Curioso é que, mesmo preso, Silval trouxe prejuízo ao erário. Números do Supremo Tribunal Federal (STF) apontam que a administração pública gasta R$ 2,4 mil por mês com cada detento. Em Mato Grosso, a Secretaria de Estado de Justiça e Direitos Humanos (Sejudh) destina de R$ 1 mil a R$ 5 mil por mês aos reeducandos.
O professor de Direito da Universidade Federal de Mato Grosso (UFMT), Giovane Santin, argumenta que o sentimento de impunidade não pode vir acompanhado da retirada de direitos. O que a população deve pedir, segundo ele, é que todos tenham acesso aos mesmos direitos que Silval teve.

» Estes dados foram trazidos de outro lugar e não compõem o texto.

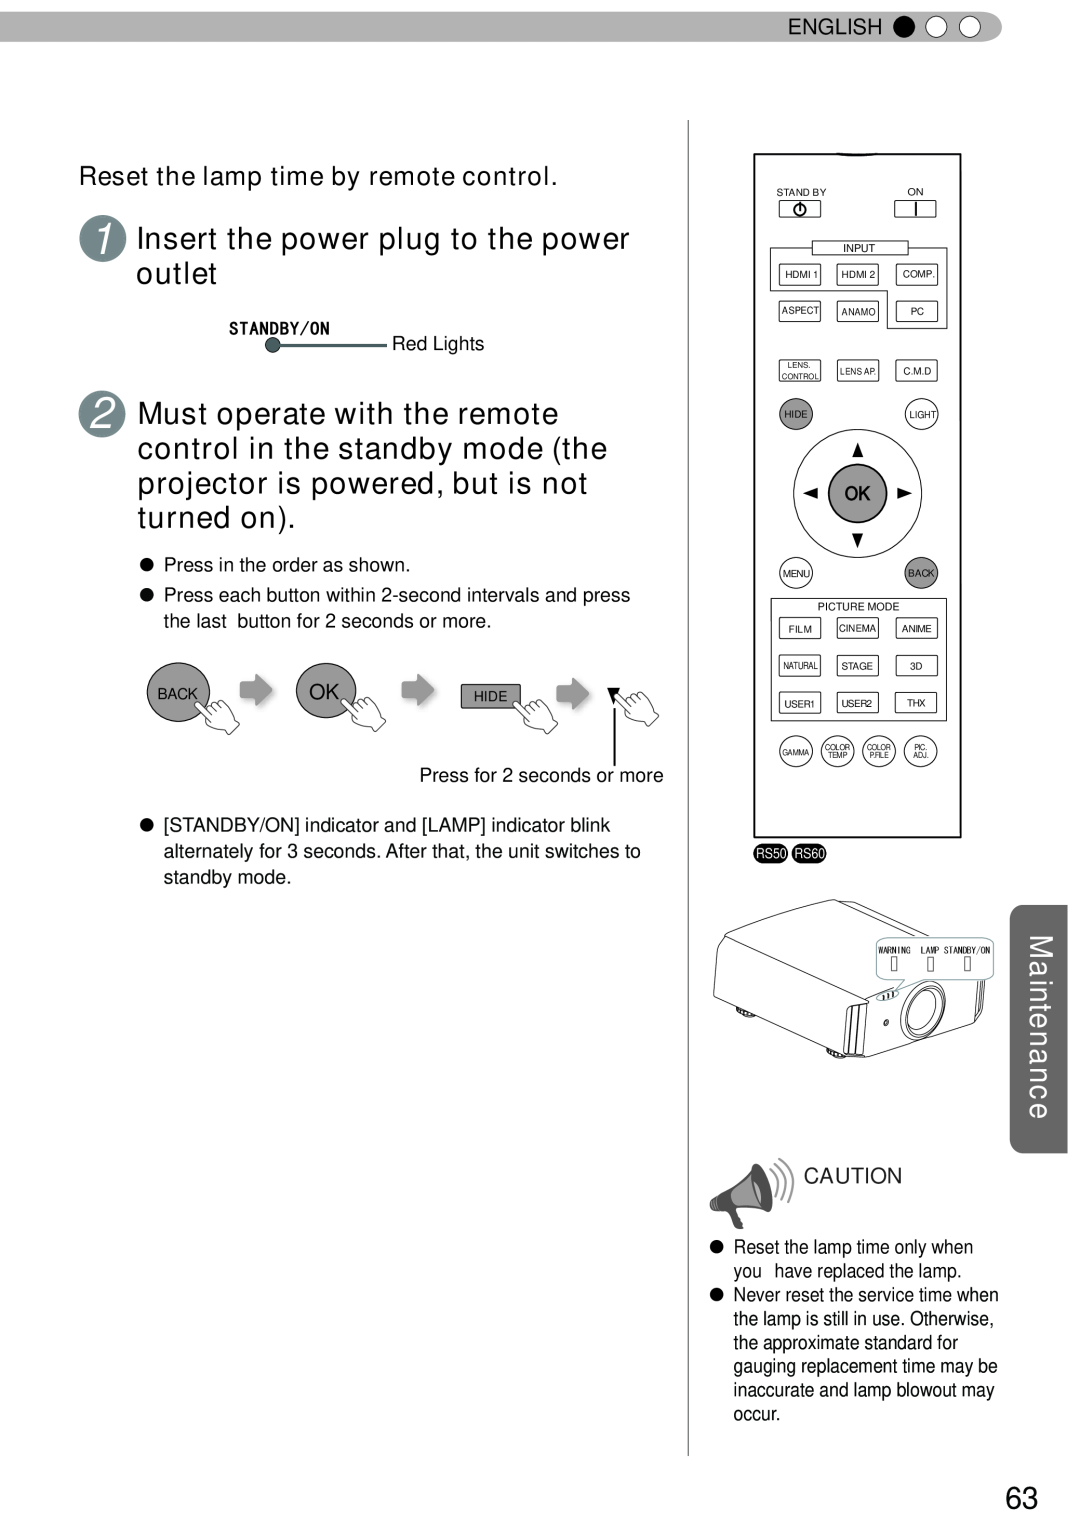 JVC DLA-RS40 manual Insertoutlet the power plug to the power, Reset the lamp time by remote control, Maintenance, English 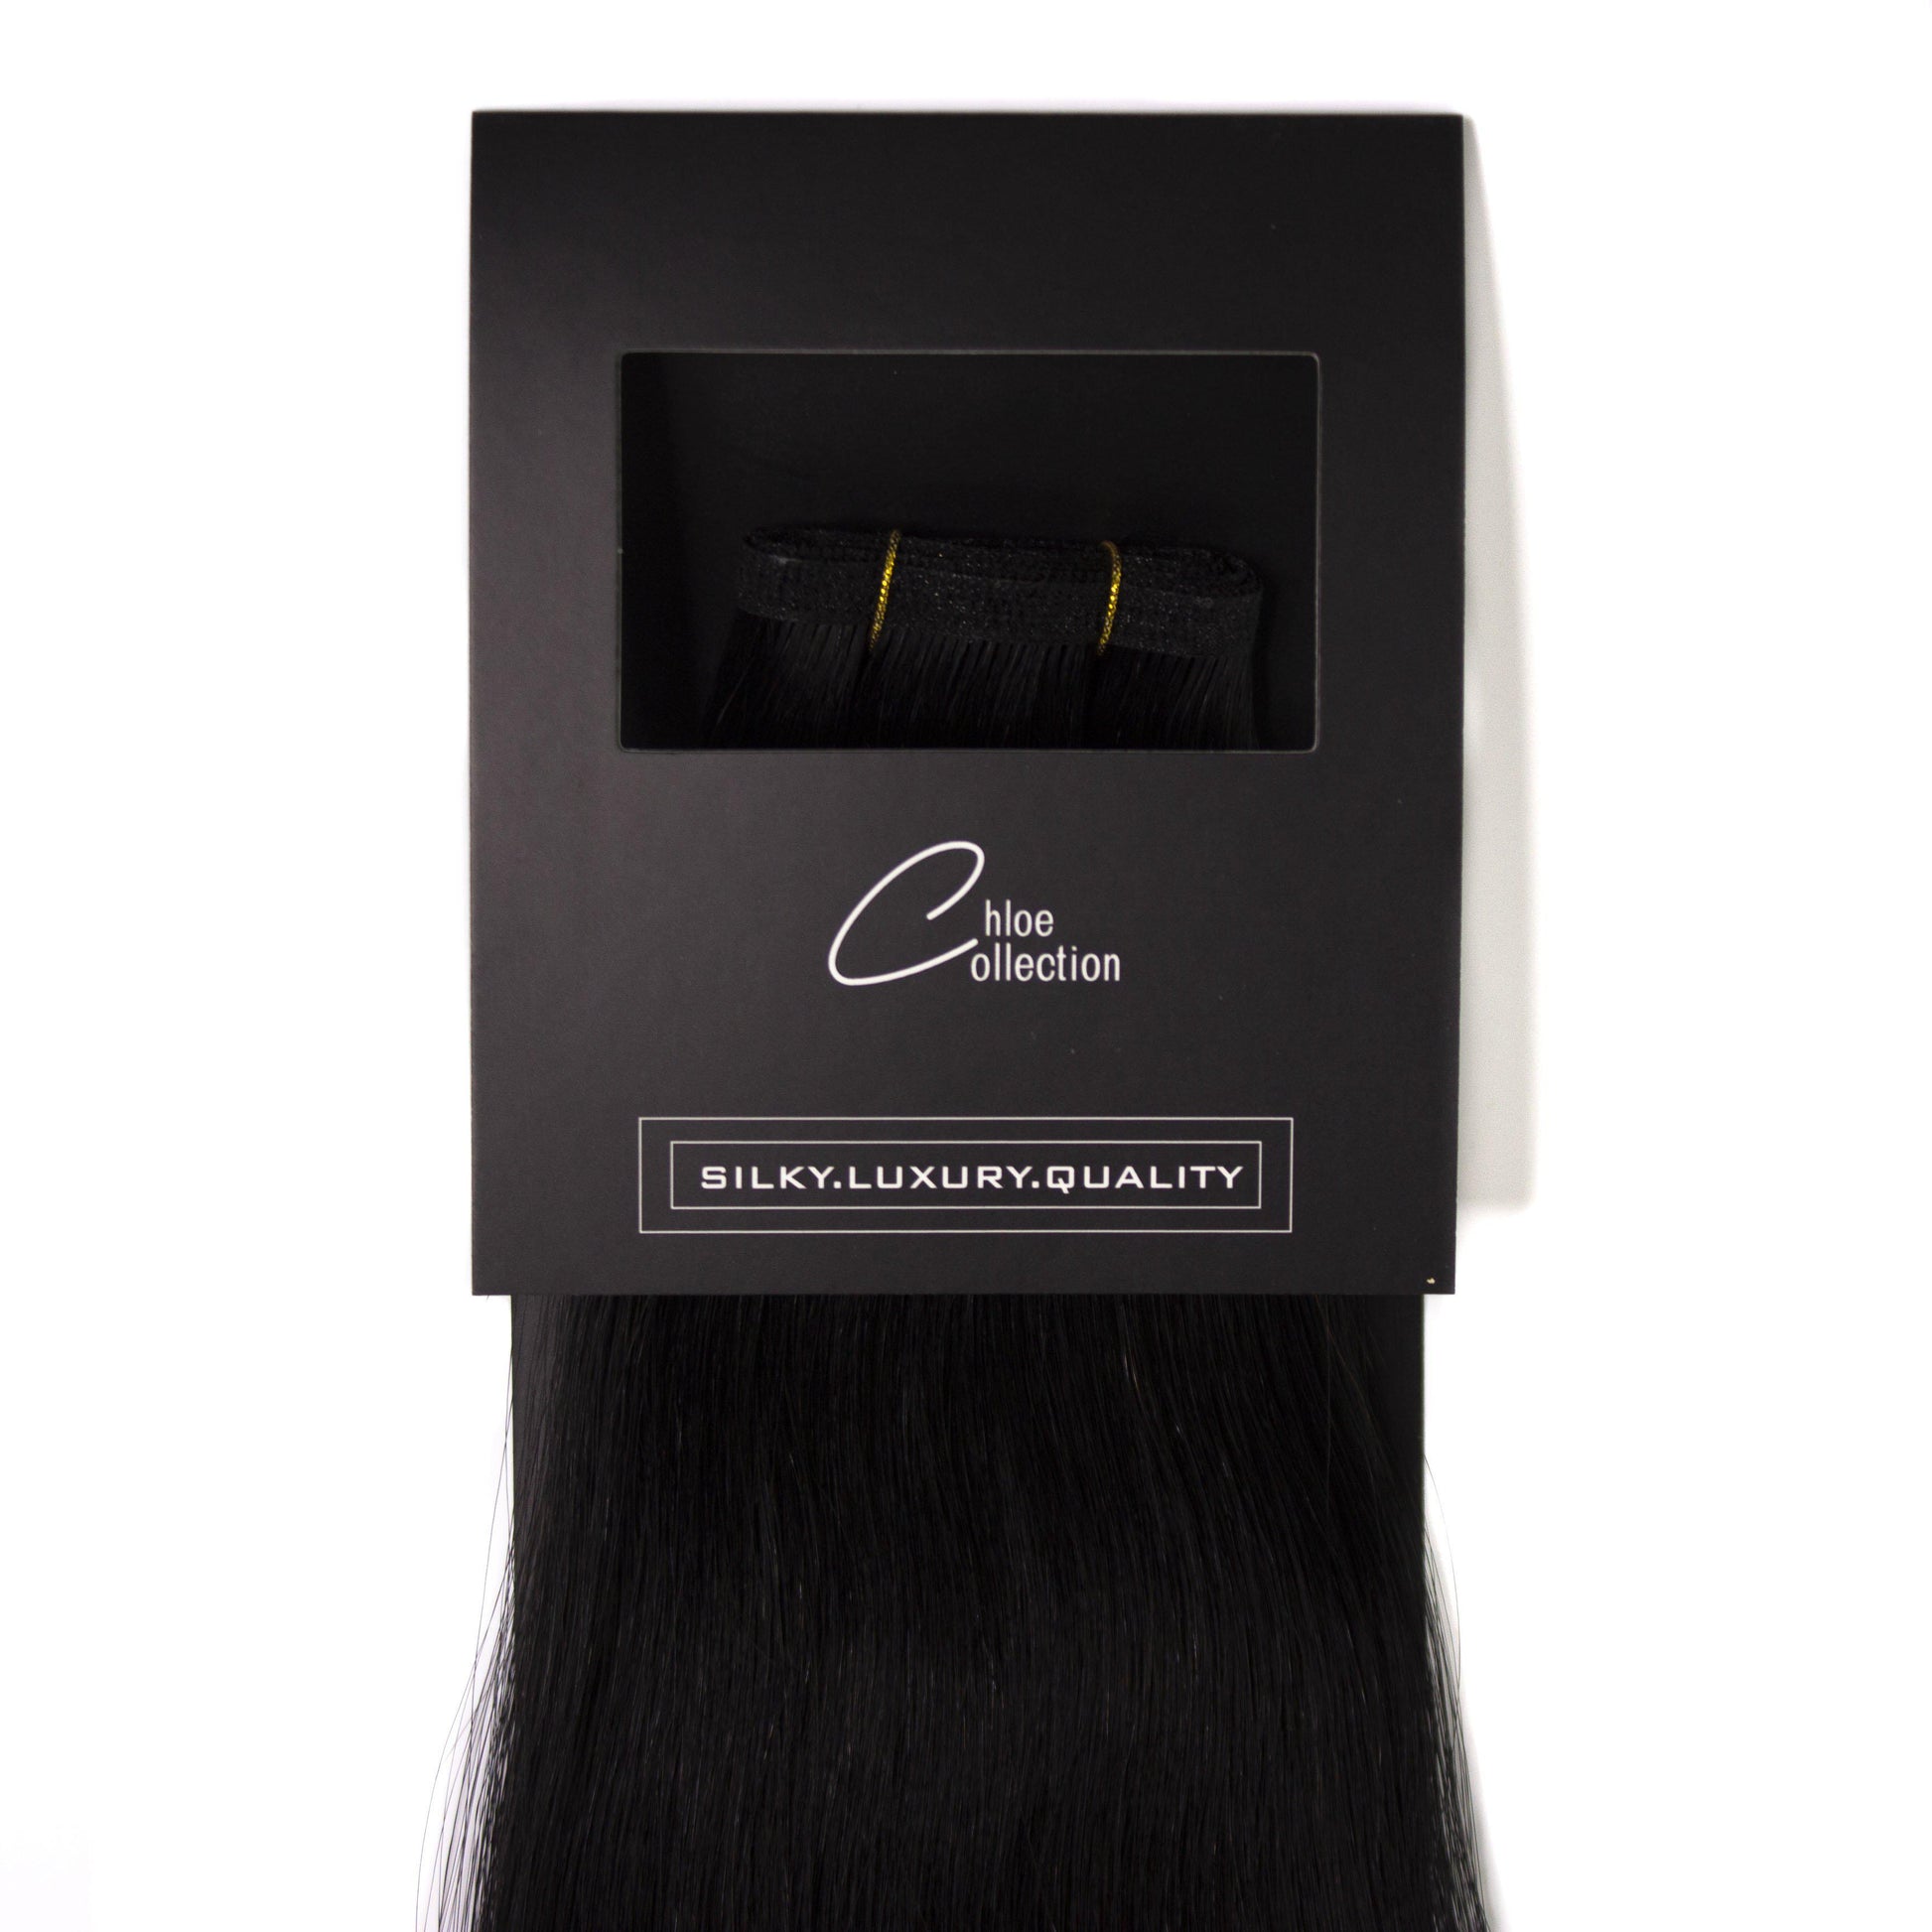 Chloe Collection - Thin weft 14" #1 - 60g.

“Que se estenda o direito daqueles que não possuem recursos, mas não se abrande o direito daqueles que não possuem. O certo não é restringir o direito das classes sociais mais abastadas e sim ampliar os direitos daqueles que não possuem”, afirma Santin.
‘Tinha que sentir na pele o que fez’
Difícil é convencer o povo, que convive diariamente – e de maneira trágica – com as rastros da corrupção. Para muitos, o valor de R$ 70 milhões a ser ressarcido não cobre o dano indireto causado na vida da população. A camareira Lúcia Helena dos Santos, 45 anos, lembra que a mãe, de 68 anos, morreu no Pronto-Socorro de Cuiabá, por falta de Unidade de Terapia Intensiva (UTI), o que ela considera efeito indireto da corrupção.
“Ele tem que ficar preso. Tinha que ser condenado e cumprir os 20 anos de pena na cadeia mesmo”, reclama. “Até hoje a gente vive acuado pela corrupção, minha mãe morreu e não podemos fazer nada. Não podemos acusar porque não temos como provar, mas é resultado sim do que foi feito. Se este dinheiro tivesse sido usado na saúde, talvez minha mãe ainda estivesse viva”.
Auxiliar administrativo Igor Bruno, 24 anos, acha que Silval deveria “sentir na pele” o que causou à sociedade. O que, segundo Igor, não ocorreu com a punição atual. Os benefícios concedidos pelo acordo, na avaliação dele, permitiram ao ex-governador uma vida tranquila e muito sossegada.
“A gente sente todos os dias o que foi causado na nossa cidade e no nosso Estado e ele (Silval) deveria sentir na pele também. Se ele tivesse investido tudo que ele roubou, fazendo coisas boas para o povo, eu tenho certeza que o resultado seria bem maior e melhor”, completa.
Outro lado
A reportagem entrou em contato com o advogado Délio Lins, da defesa de Silval Barbosa, mas ele não atendeu ligações e não respondeu mensagens.